I have ftp'd into my local server and the folder in question is set at 777, and like I said it works fine if I don't use this class

Any ideas ??

Thanks,

Jon

jben.net · December 1st, 2003, 11:08 AM

Ok, I've got it sorted now, but I'm buggered as to why this didn't work the way I hoped. It seems that if I use an indexed or associative array to store the location and new image file name, imagejpeg never works, but if I use a normal var it does !! what's with that!

// doesn't work
$aNewImage['image_loc'] = $aNewImage['image_dir'] . $aNewImage['new_name'];

// does work!!
$sImageLoc = '/Library/Webserver/Documents/wrox_site/_img/_products/' . $aNewImage['new_name'];

Why oh why is that the case ??? Would love to know.

Thanks,

Jon

nikolai · December 1st, 2003, 12:42 PM

It shouldn't matter as long as $aNewImage['image_loc'] evaluates to the right thing. See, when you pass variables as parameters to functions, the values of those variables are evaluated and copied into local variables within that function's scope. The local function variables' names are the names of your parameters.

For example:

$some_digit = 5;

function negify($n)
{
   return (0 - $n);
}

negify($some_digit); // <-- $some_digit evaluates to 5,
                      // which is copied into a local variable, $n
                      // that only exists within the scope of negify()

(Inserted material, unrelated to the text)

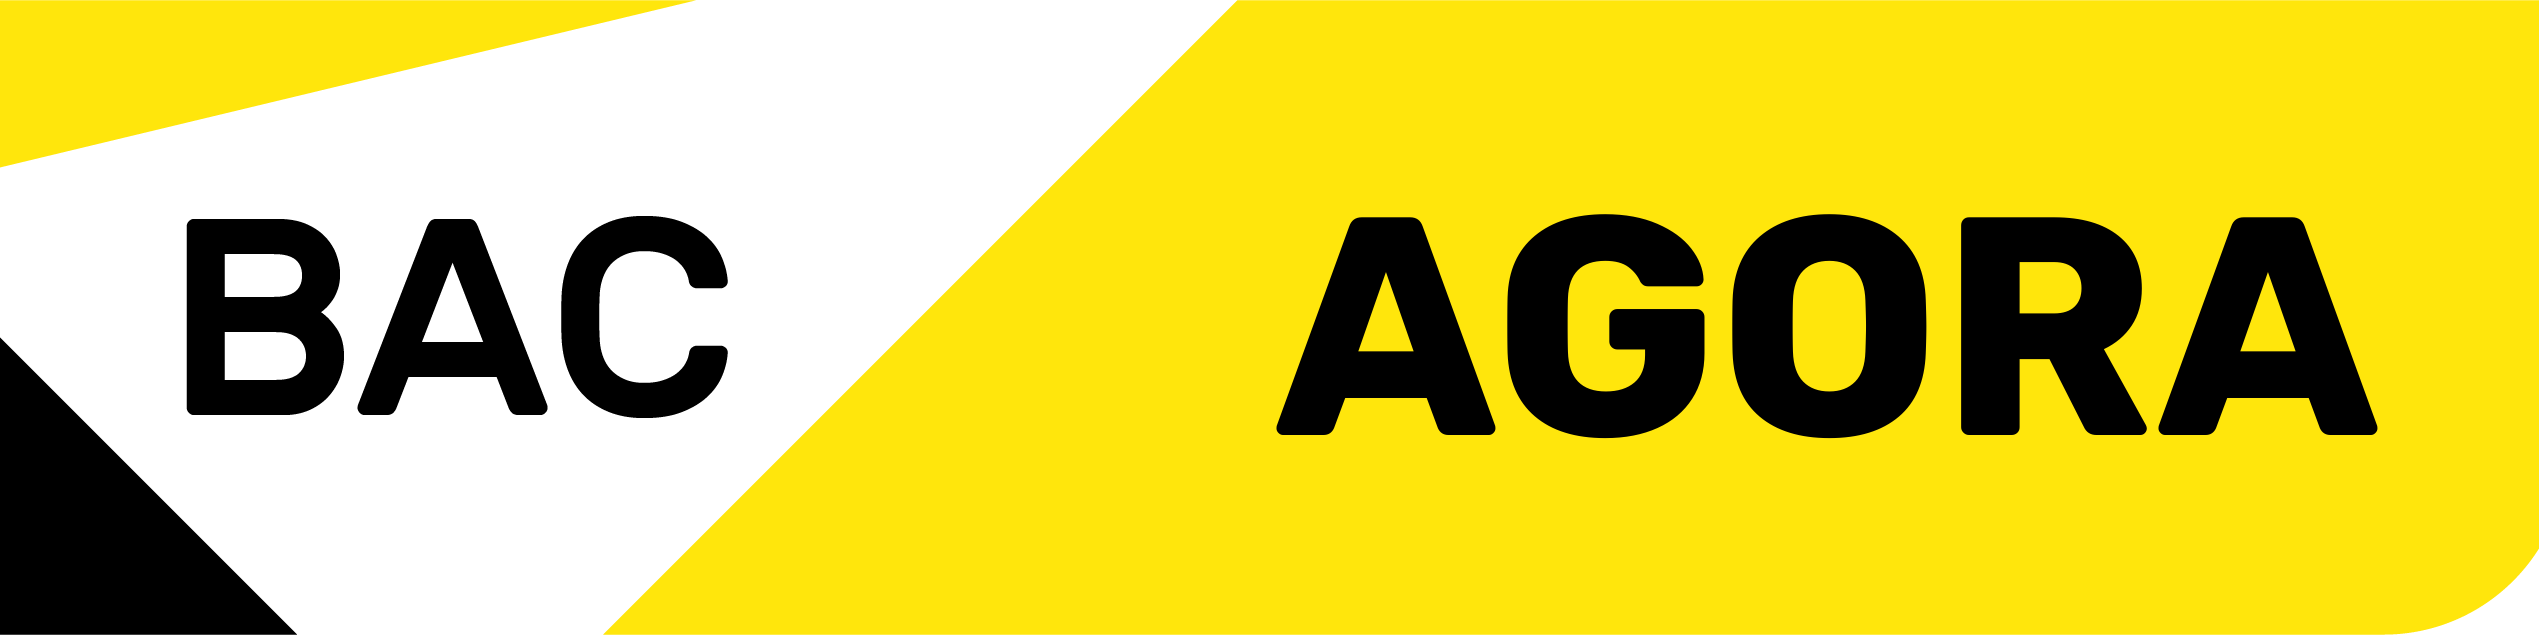 logo-BAC-AGORA.png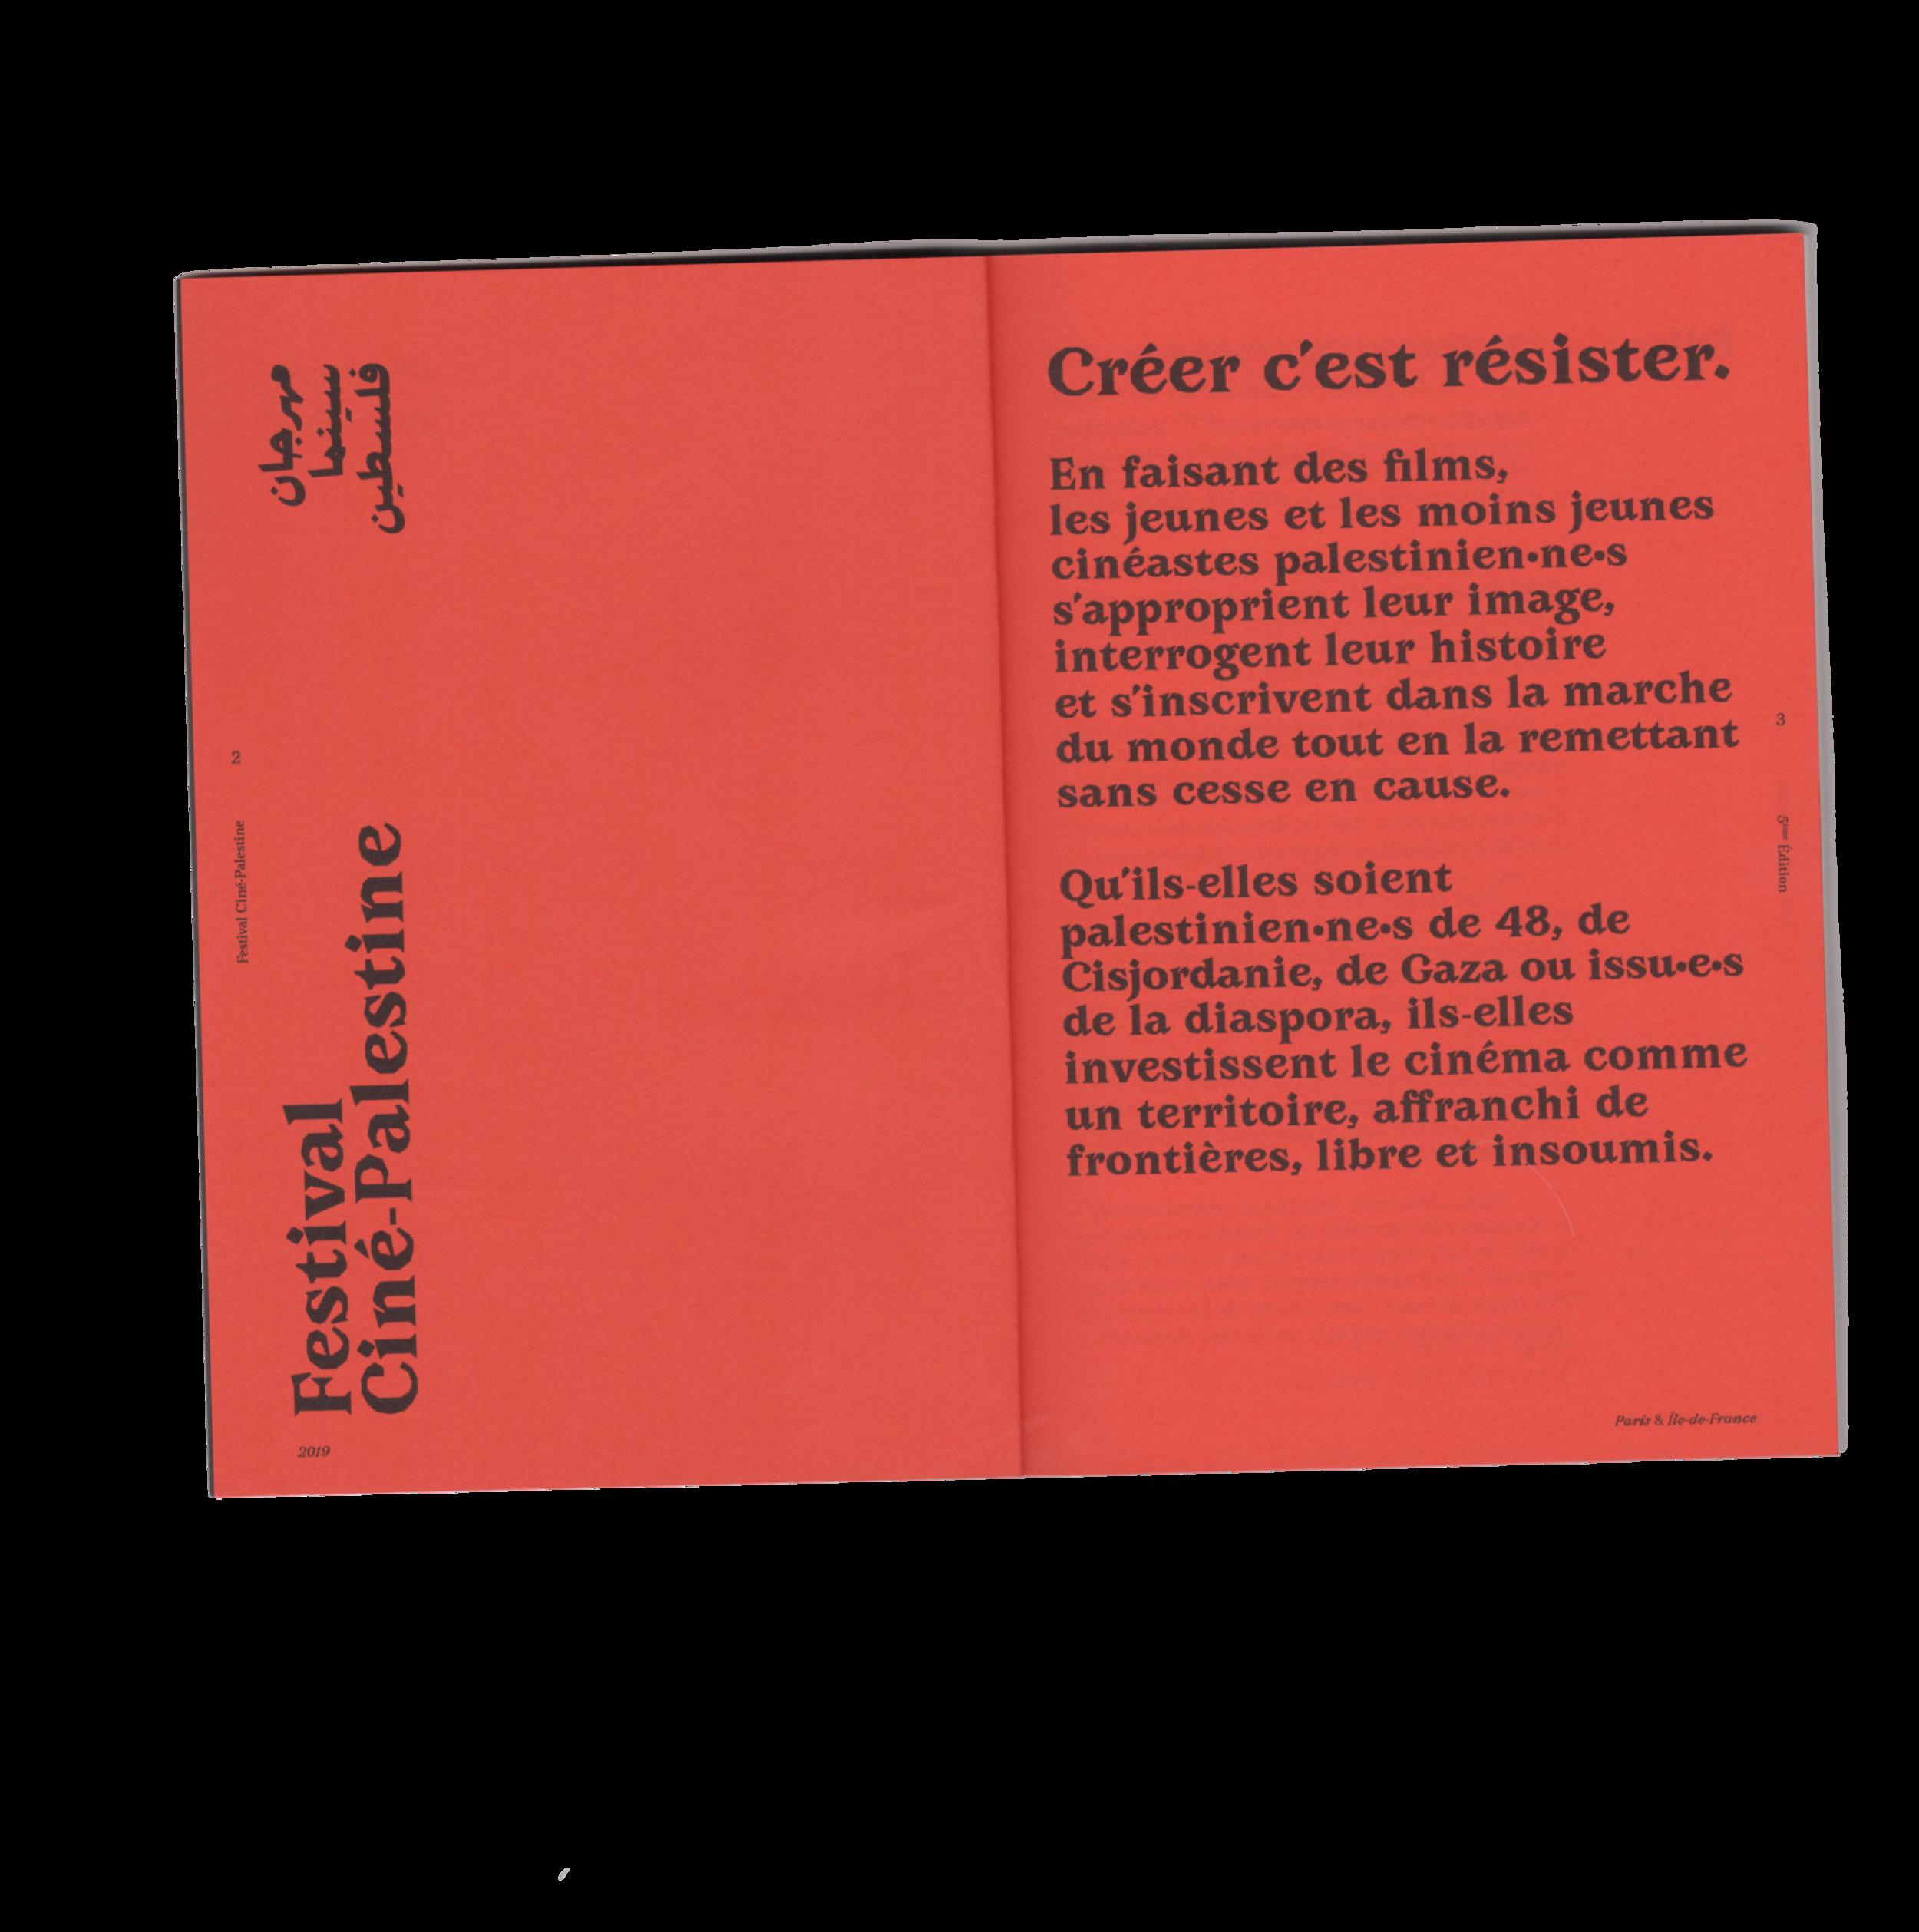 BrochureFCP 8.png

My guess is that you're missing a trailing slash in your $aNewImage['image_dir'], so that the 'image_loc' you're creating is invalid.

Throw in some debug stmts until you figure it out:

if($aNewImage['image_loc'] !== $sImageLoc)
{
   echo "location strings don't match!!\n";
   echo "\$aNewImage['image_loc'] is: {$aNewImage['image_loc']}\n";
   echo "\$sImageLoc is: {$sImageLoc}\n";
}

Take care,

Nik
http://www.bigaction.org/